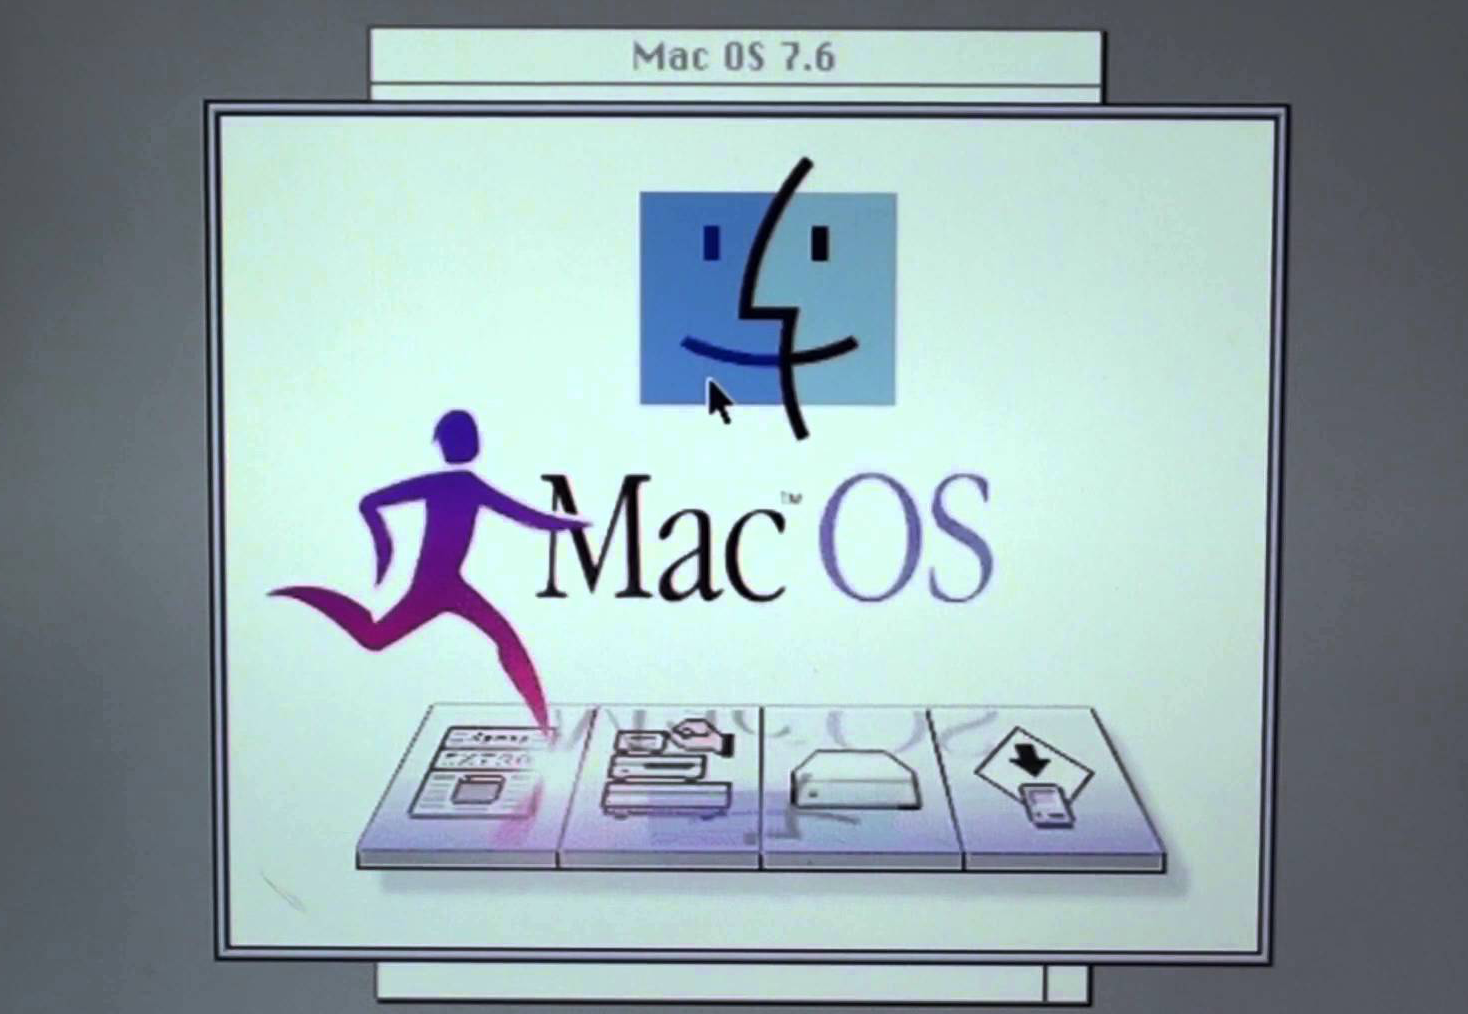 Mac OS 7.6 Installer
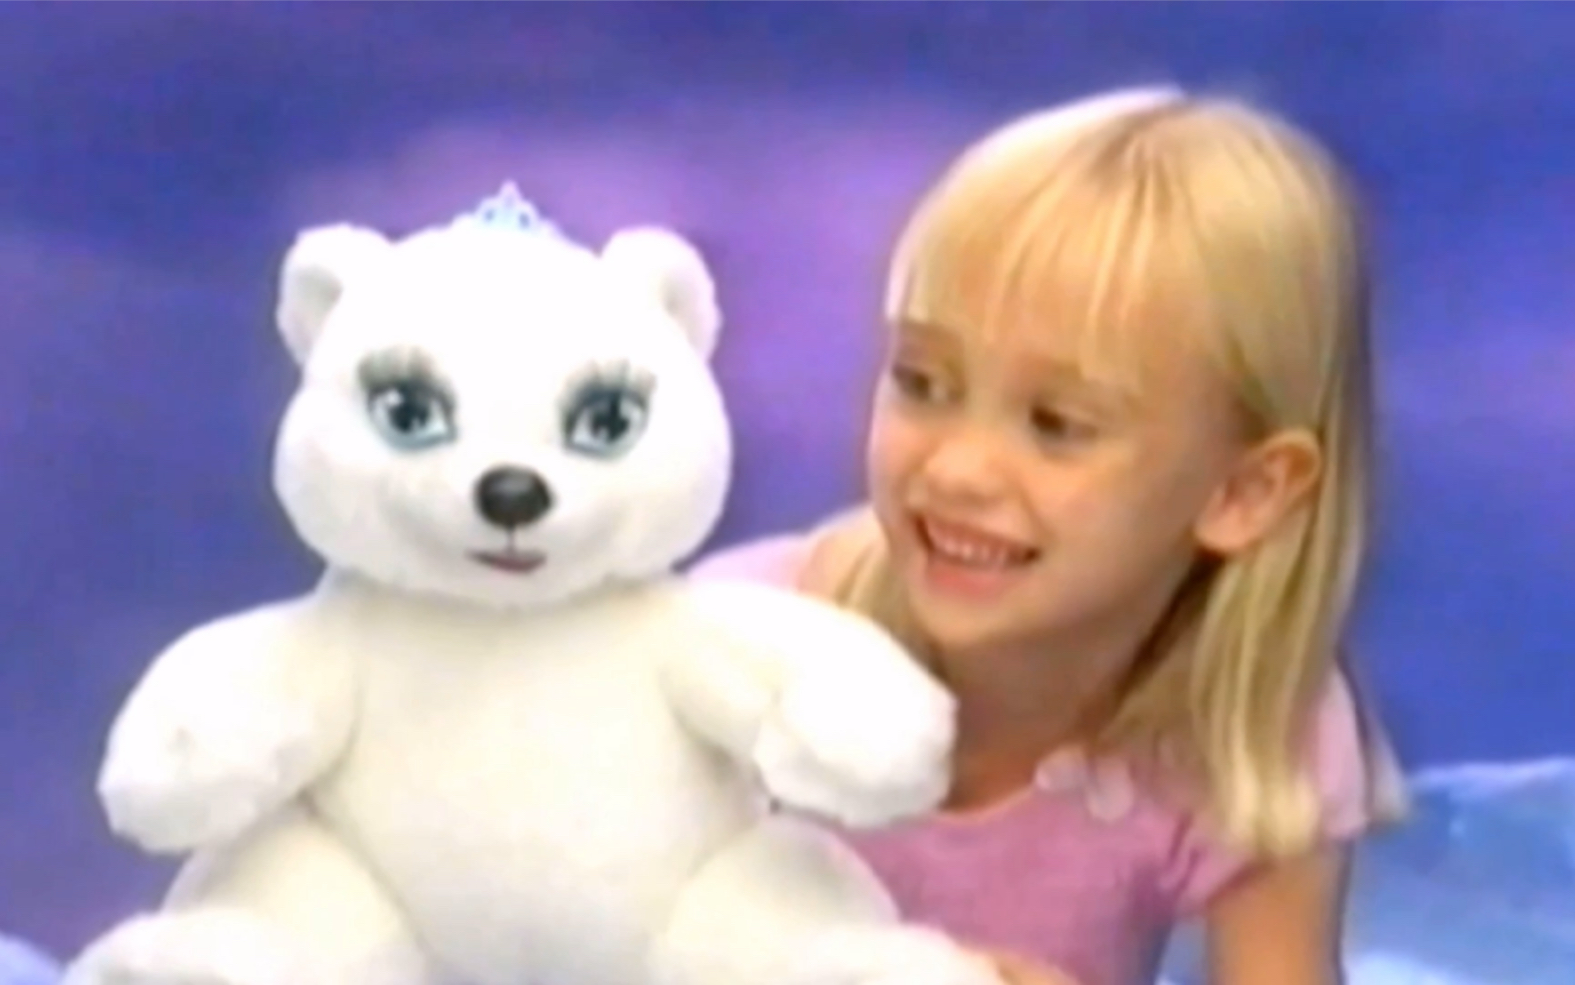 【芭比广告】芭比魔幻飞马小北极熊雪花玩偶广告芭比魔幻飞马电影
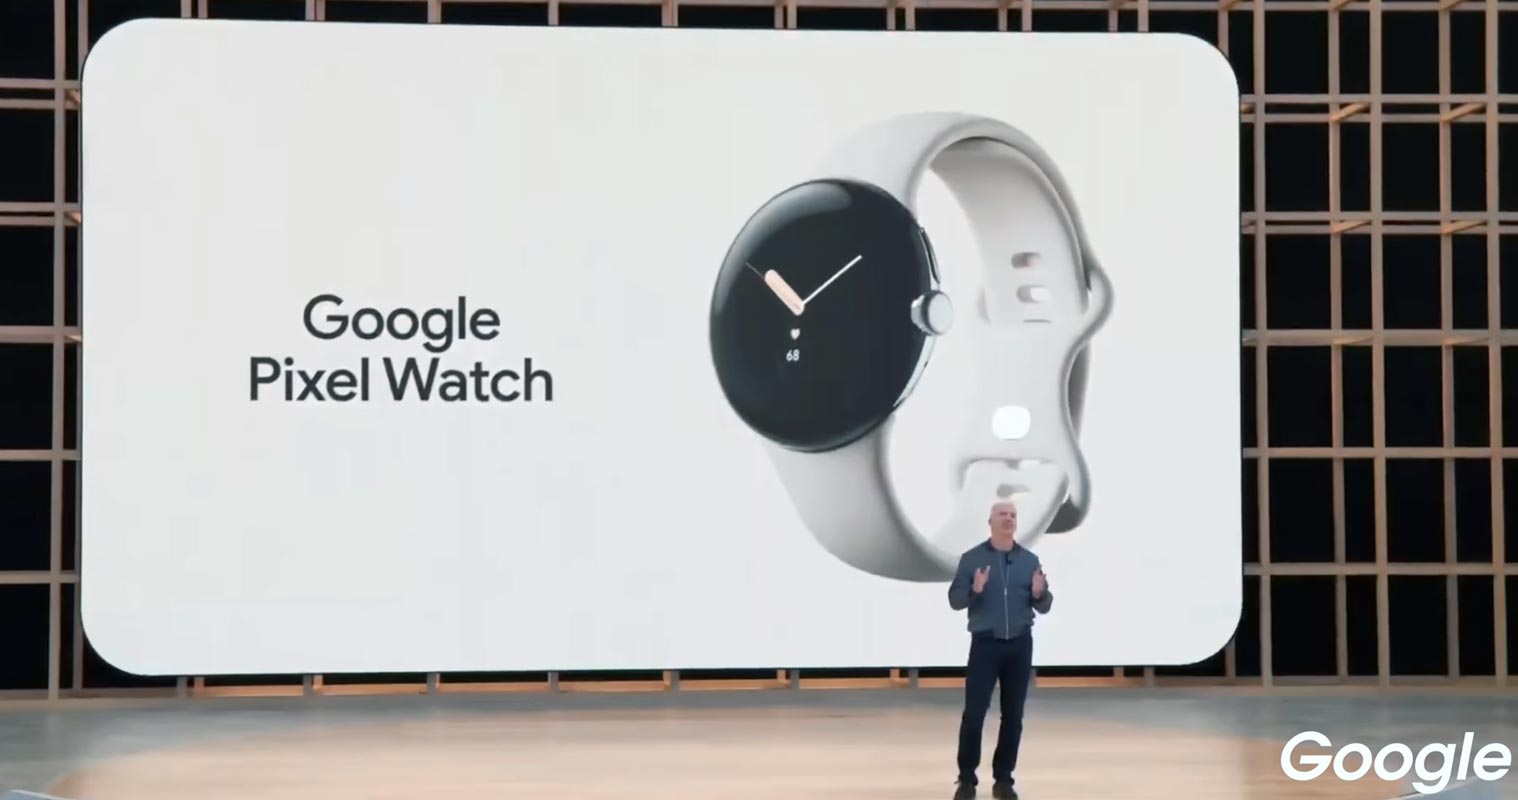 Google Pixel Watch Launch in IO 2022
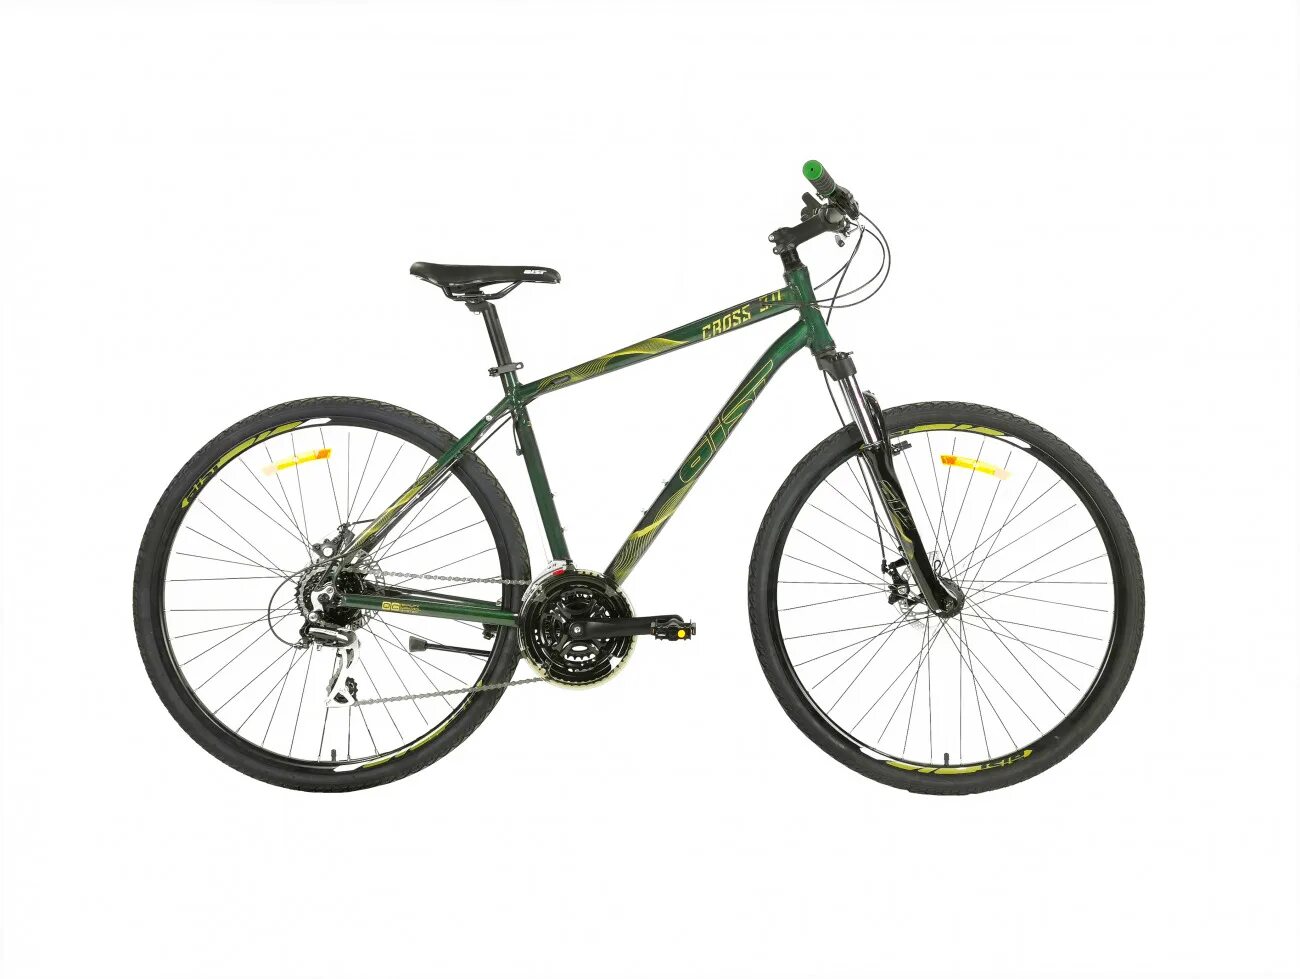 Купить велосипед в минске недорого. Велосипед Aist Cross 1.0. Велосипед Aist 28. Аист Cruiser 1.0 26. Fuji absolute 1.9.

+===+

Action item
With the pictures removed, set down every line of the listing above exactly.

Output below
 Mac OS 7.6 Installer
 【芭比广告】芭比魔幻飞马小北极熊雪花玩偶广告芭比魔幻飞马电影
 Google Pixel Watch Launch in IO 2022
 Купить велосипед в минске недорого. Велосипед Aist Cross 1.0. Велосипед Aist 28. Аист Cruiser 1.0 26. Fuji absolute 1.9.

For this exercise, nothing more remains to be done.